Set down the data again exactly. Pictures are not part of the copy.

- [Collected material]
================================

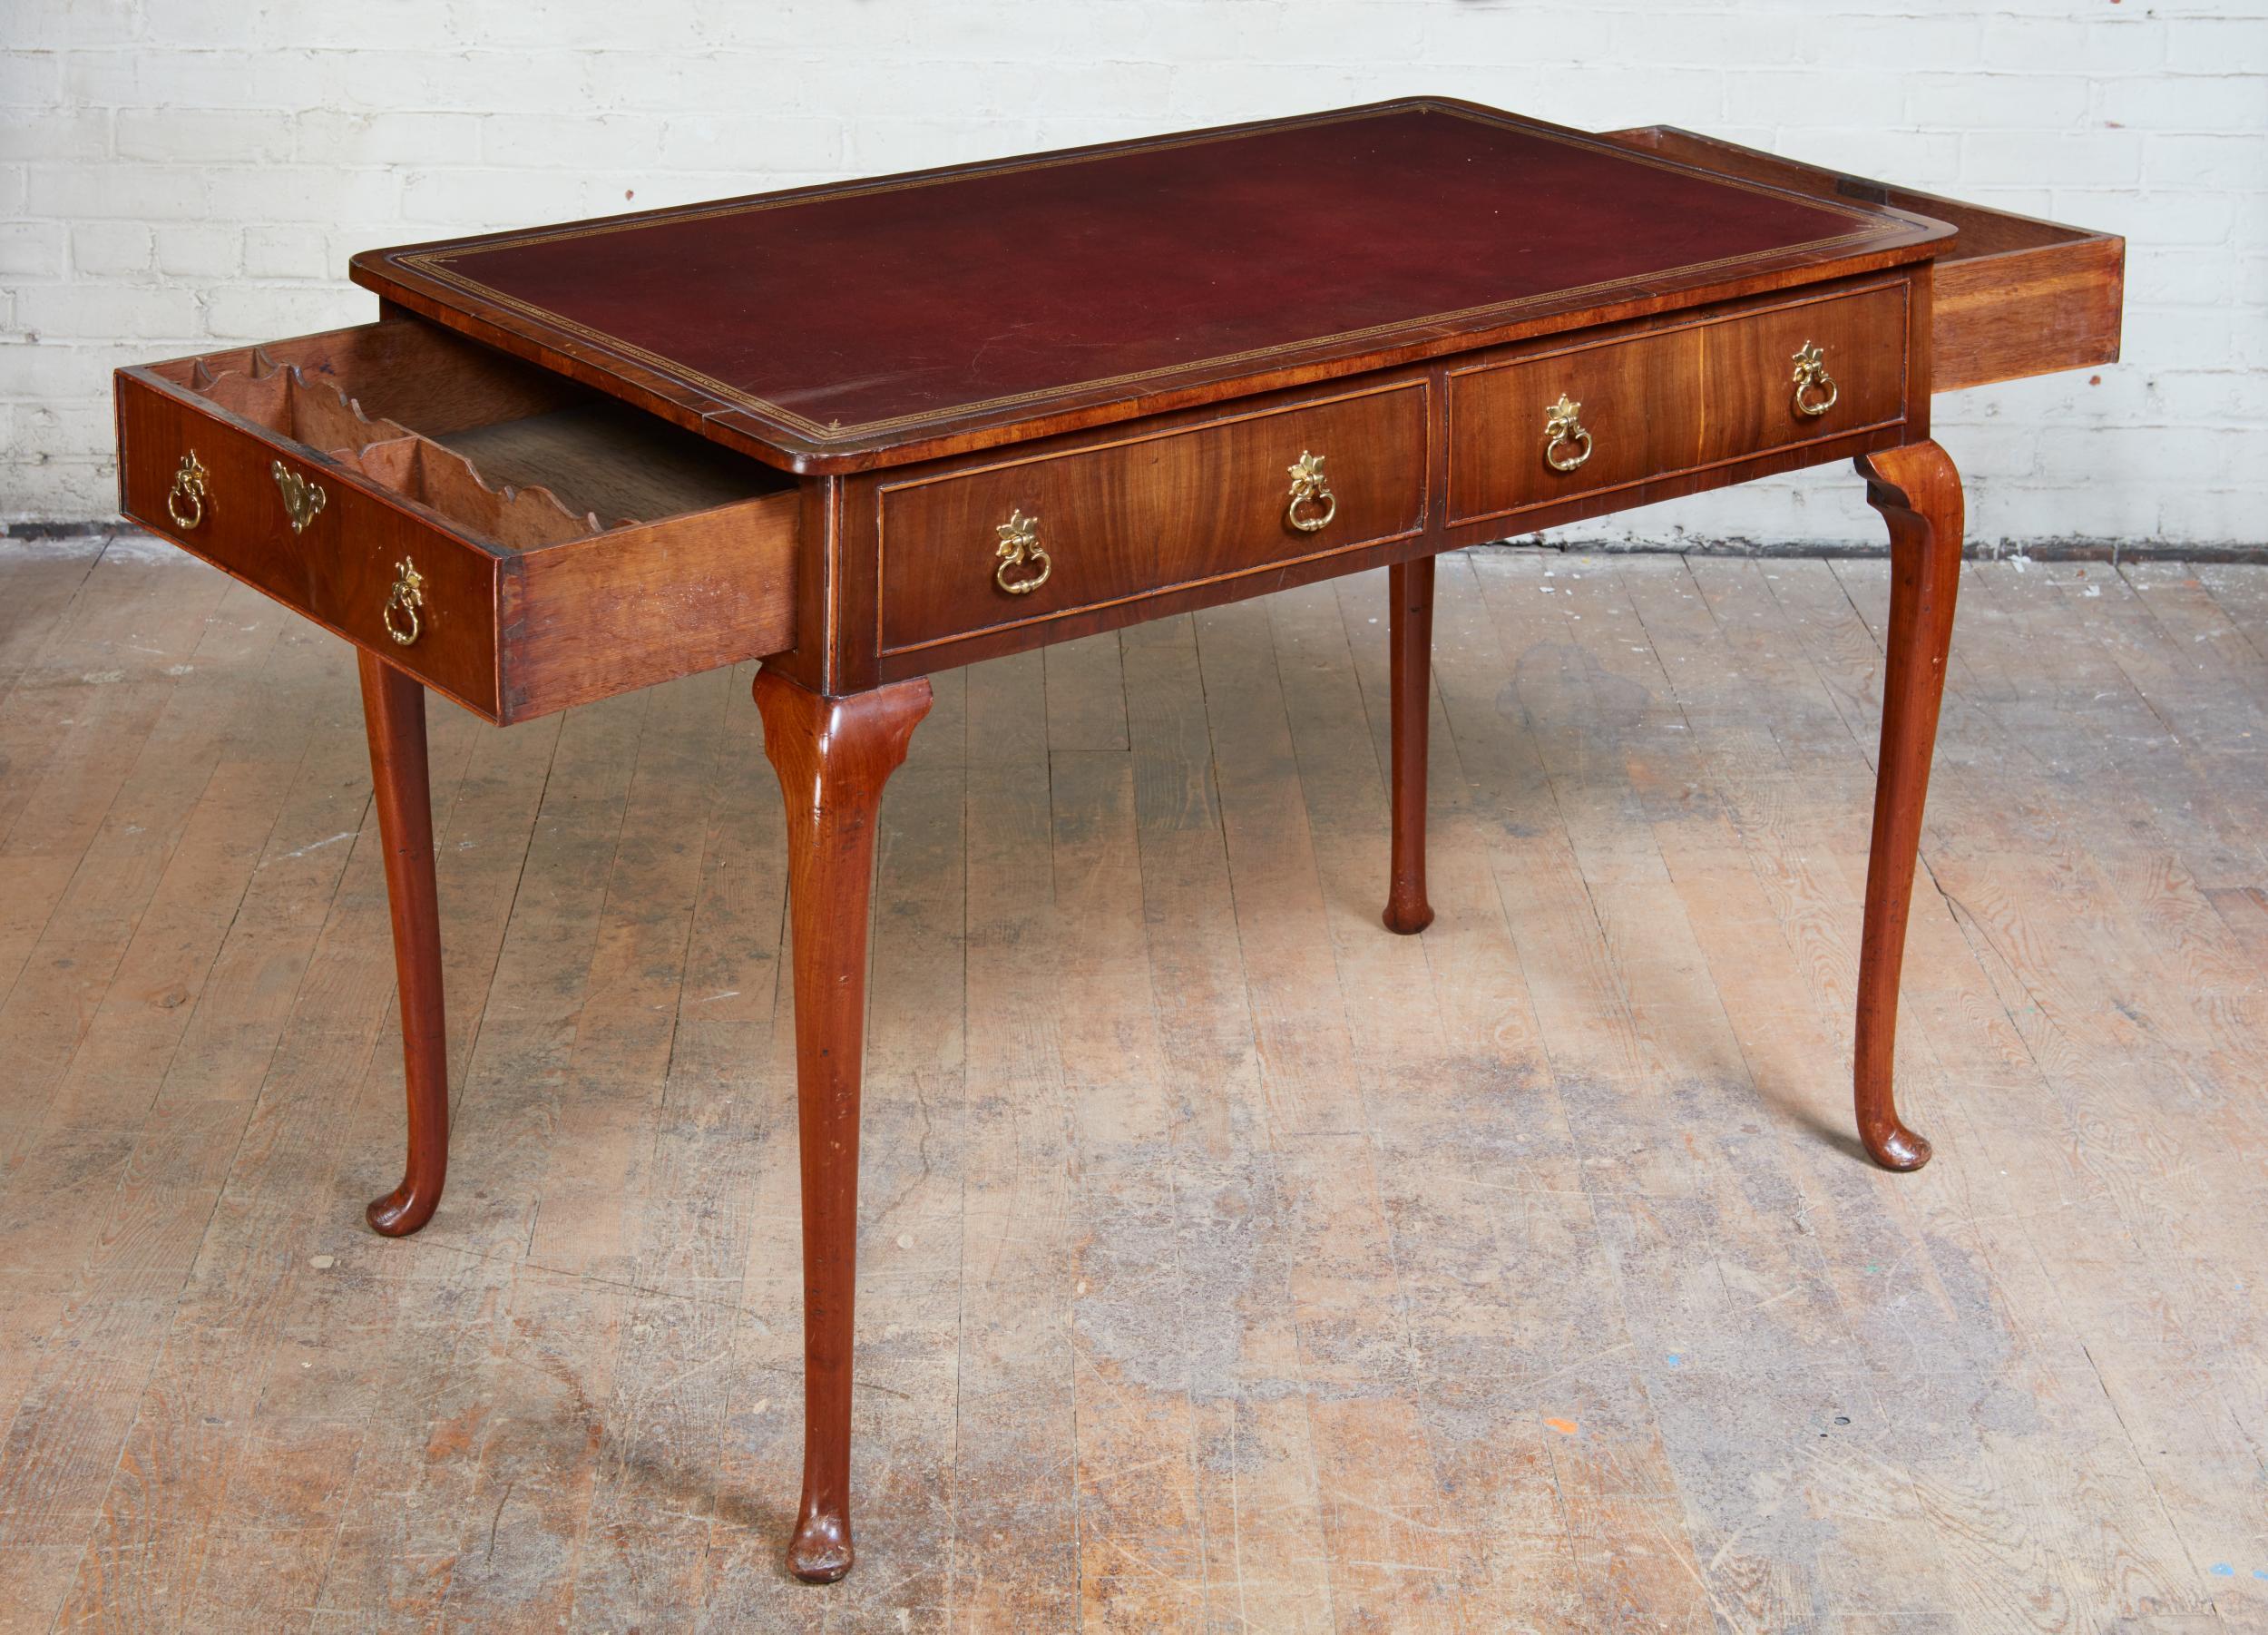 Fine and rare Queen Anne walnut writing table, the leather lined top with walnut crossbanding, all four sides finished with drawers (two real - on the ends and four false - on the sides) one-drawer with scalloped dividers, standing on cabriole legs
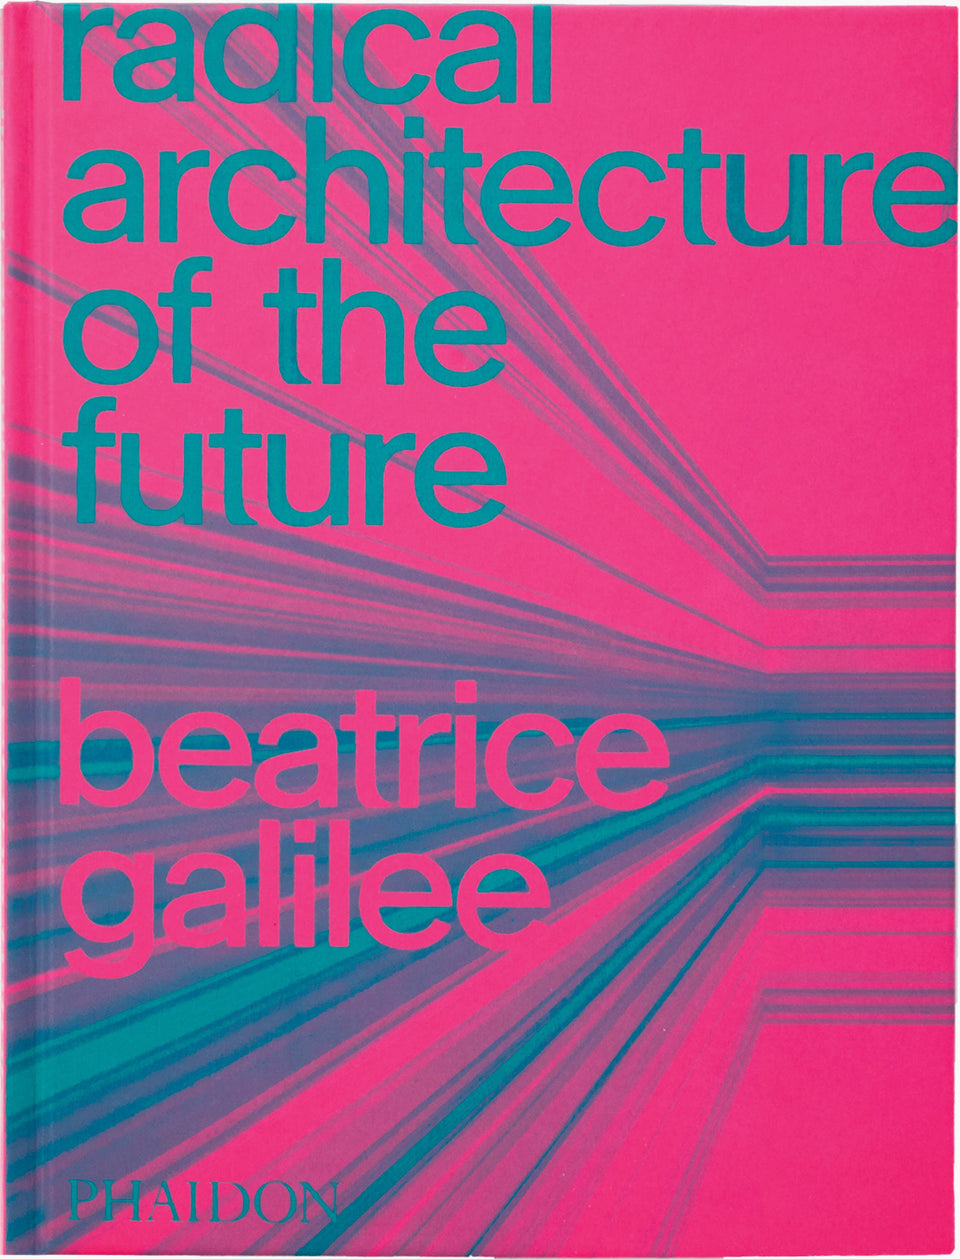 Radical Architecture of the Future - W-DWR_2549055_100348498_radical_architecture_of_the_future_f
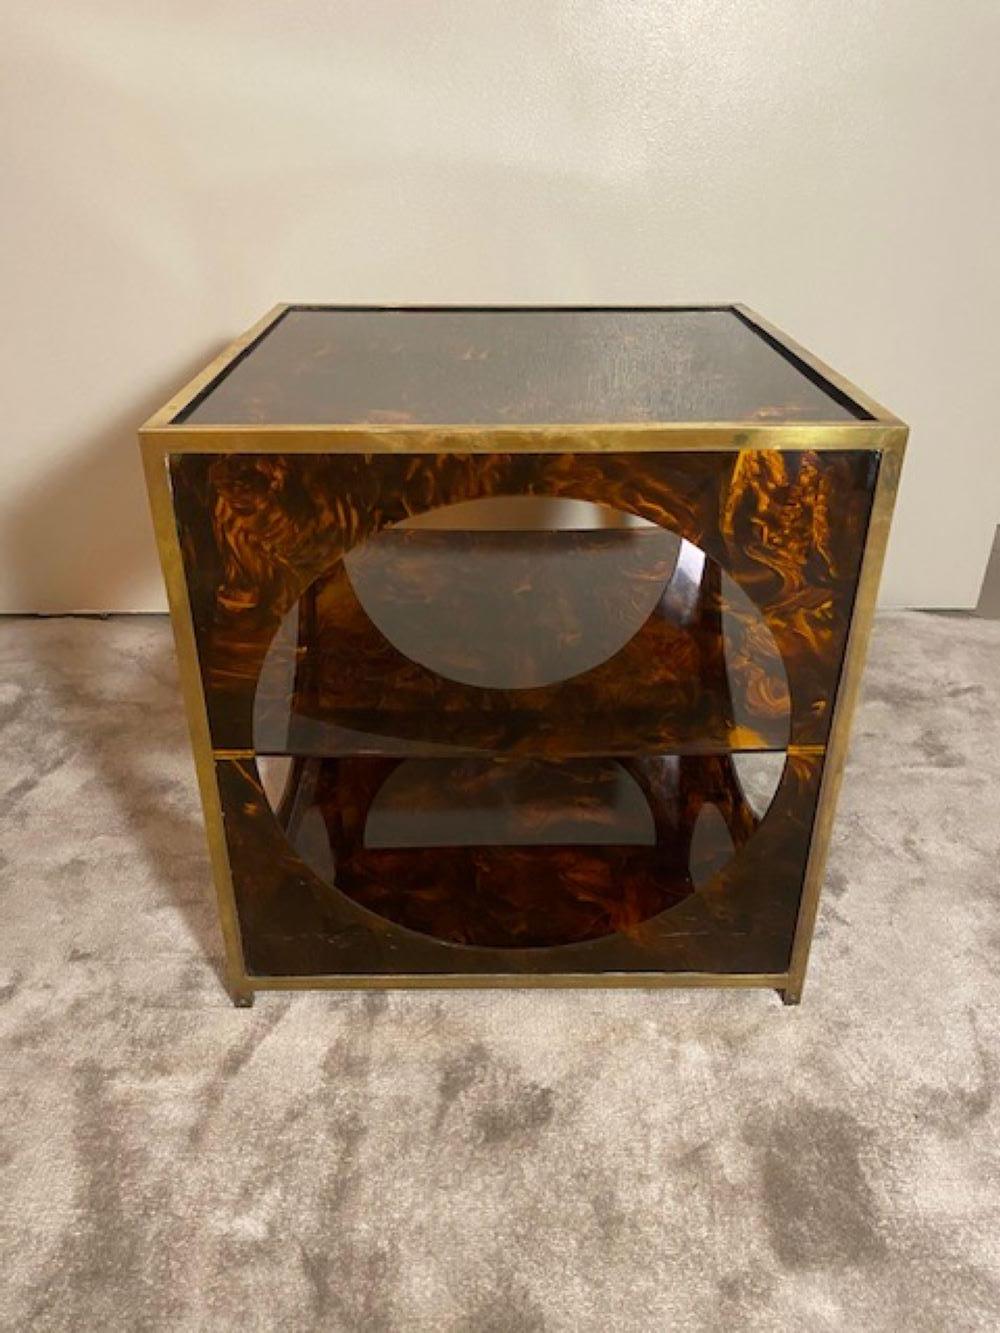 Particular and interesting plexiglass coffee table. The sturdy cube-shaped structure is made of brushed brass with a sheet of plexiglass at the top forms the top of the table, one acts as a base and another is placed in the middle as a support

================================

- [Answer for this exercise]
 Fine and rare Queen Anne walnut writing table, the leather lined top with walnut crossbanding, all four sides finished with drawers (two real - on the ends and four false - on the sides) one-drawer with scalloped dividers, standing on cabriole legs
 Radical Architecture of the Future - W-DWR_2549055_100348498_radical_architecture_of_the_future_f
 Particular and interesting plexiglass coffee table. The sturdy cube-shaped structure is made of brushed brass with a sheet of plexiglass at the top forms the top of the table, one acts as a base and another is placed in the middle as a support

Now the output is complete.